# Router lift - which one?



## Thomas K. (Oct 5, 2009)

Hi everyone

Be warned: I'm new here, modest routing experience, none with a router table.

I need a router lift, badly. I've been looking at either Woodpecker or Jessem for my Festool OF1400. Both seem like very good quality tools, convinient and effective. I have no first hand knowledge of either and have no opportunity the check them out before buying one... so... your experiences and opinions on both models would be greatly appreciated.

Many thanks 
Thomas K.


----------



## xplorx4 (Dec 1, 2008)

Thomas K. said:


> Hi everyone
> 
> Be warned: I'm new here, modest routing experience, none with a router table.
> 
> ...


I guess I thought the Festool had a lift built in?
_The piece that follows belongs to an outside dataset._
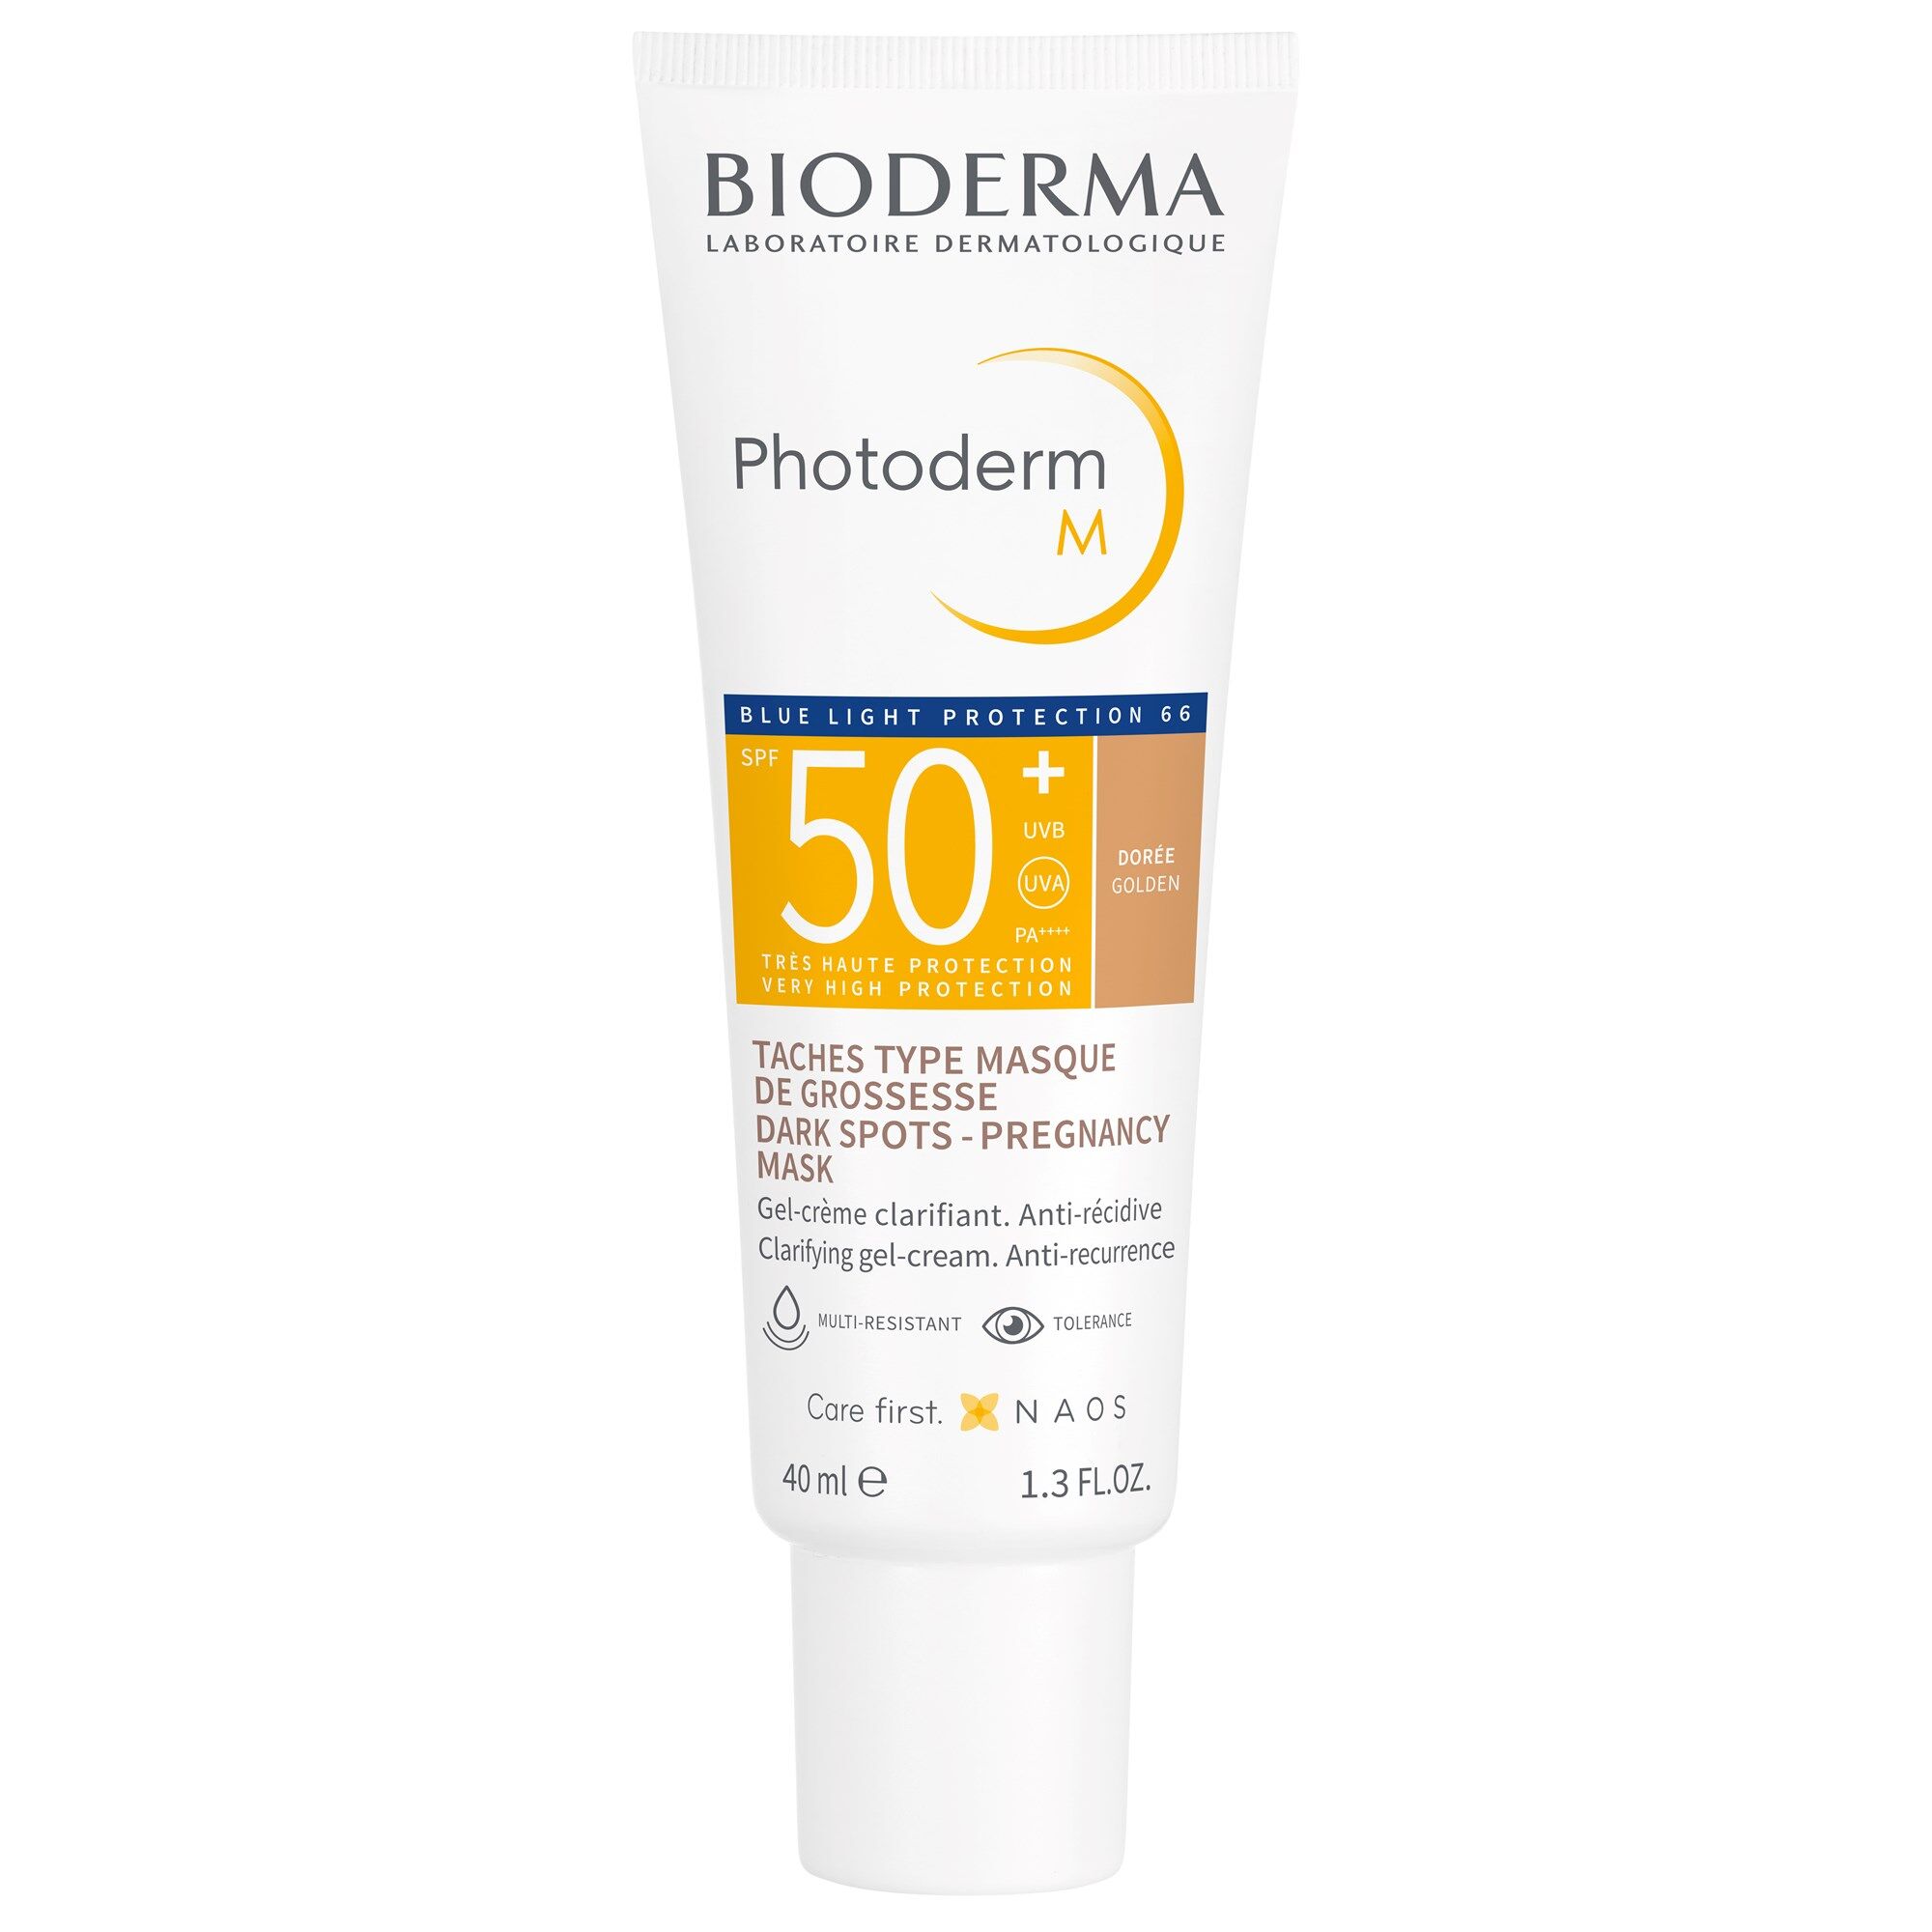 Bioderma Photoderm M SPF50+ Crema para pieles con melasma 40mL Doré SPF50+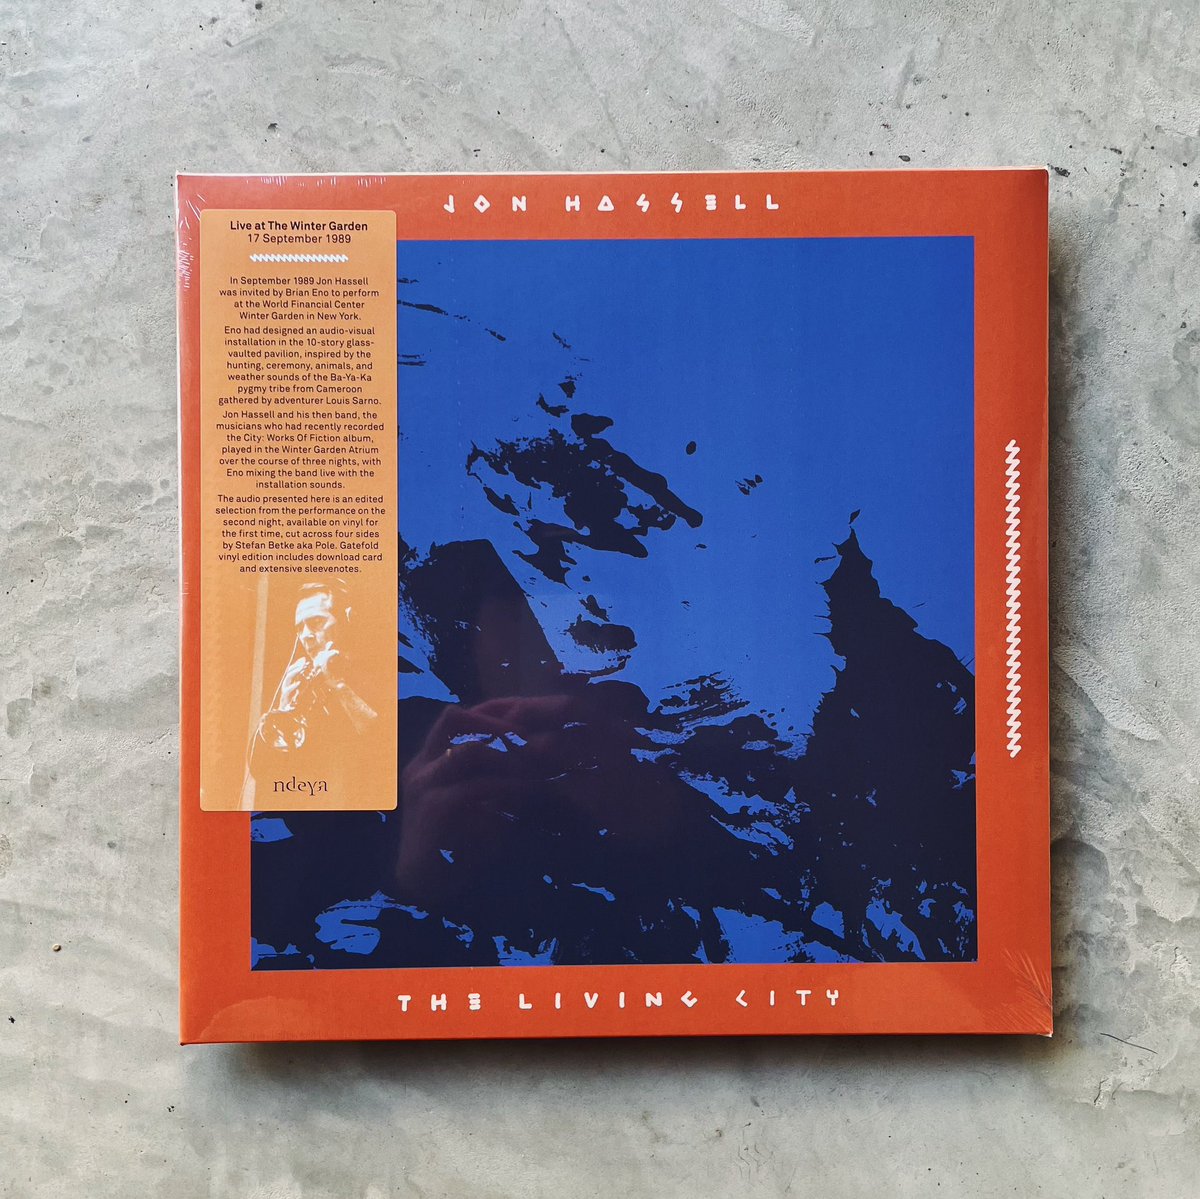 Jon Hassell – The Living City [Live at the Winter Garden 17 September 1989] [2LP] harunoame.com/product/jon-ha…

Many new routers have lifts built in.


----------



## Mike Wingate (Apr 26, 2009)

I have a Jessem, and am really pleased with it. No problems, well made, easy to fit and use.


----------



## Bob N (Oct 12, 2004)

Hi Thomas,

I think the Jessem seems to be the most popular these days.


----------



## Tom Hintz (Aug 31, 2009)

I am a big fan of the Woodpeckers stuff. I have their new PRL-V2 and though not cheap, it is a dream to work with. I have reviews of the PRL-V2, the original PRL and several other lifts and plates at the link below if more information would be of help.

Woodworking Tool Reviews - NewWoodworker.com LLC


----------



## BigJimAK (Mar 13, 2009)

Thomas K. said:


> Hi everyone
> 
> Be warned: I'm new here, modest routing experience, none with a router table.
> 
> ...


Thomas,

Both are top-quality lifts and I don't think you'd be disappointed with either one. After a lot of consideration I settled on the Jessem lift design with its automatic (but adjustable) lift-break design to prevent the bit from lowering during cutting. The PRL-V2 has a manual brake but allows adjustment from the top side. 

In either case, I recommend you look at the Incra/Jessem and Incra/Woodpeckers lifts before purchasing. They're just like the originals except the use strong rare-earth magnets to hold the plate insert rings in place, and Incra makes a wide range of sizes (including blank ones, if you wish to drill your own). Mine has the magnetic rings. They auto-center perfectly and hold tight enough you either need to lover the bit enough to get a finger through the hole or use a small screwdriver / nail to break the magnet's grip.

Jim


----------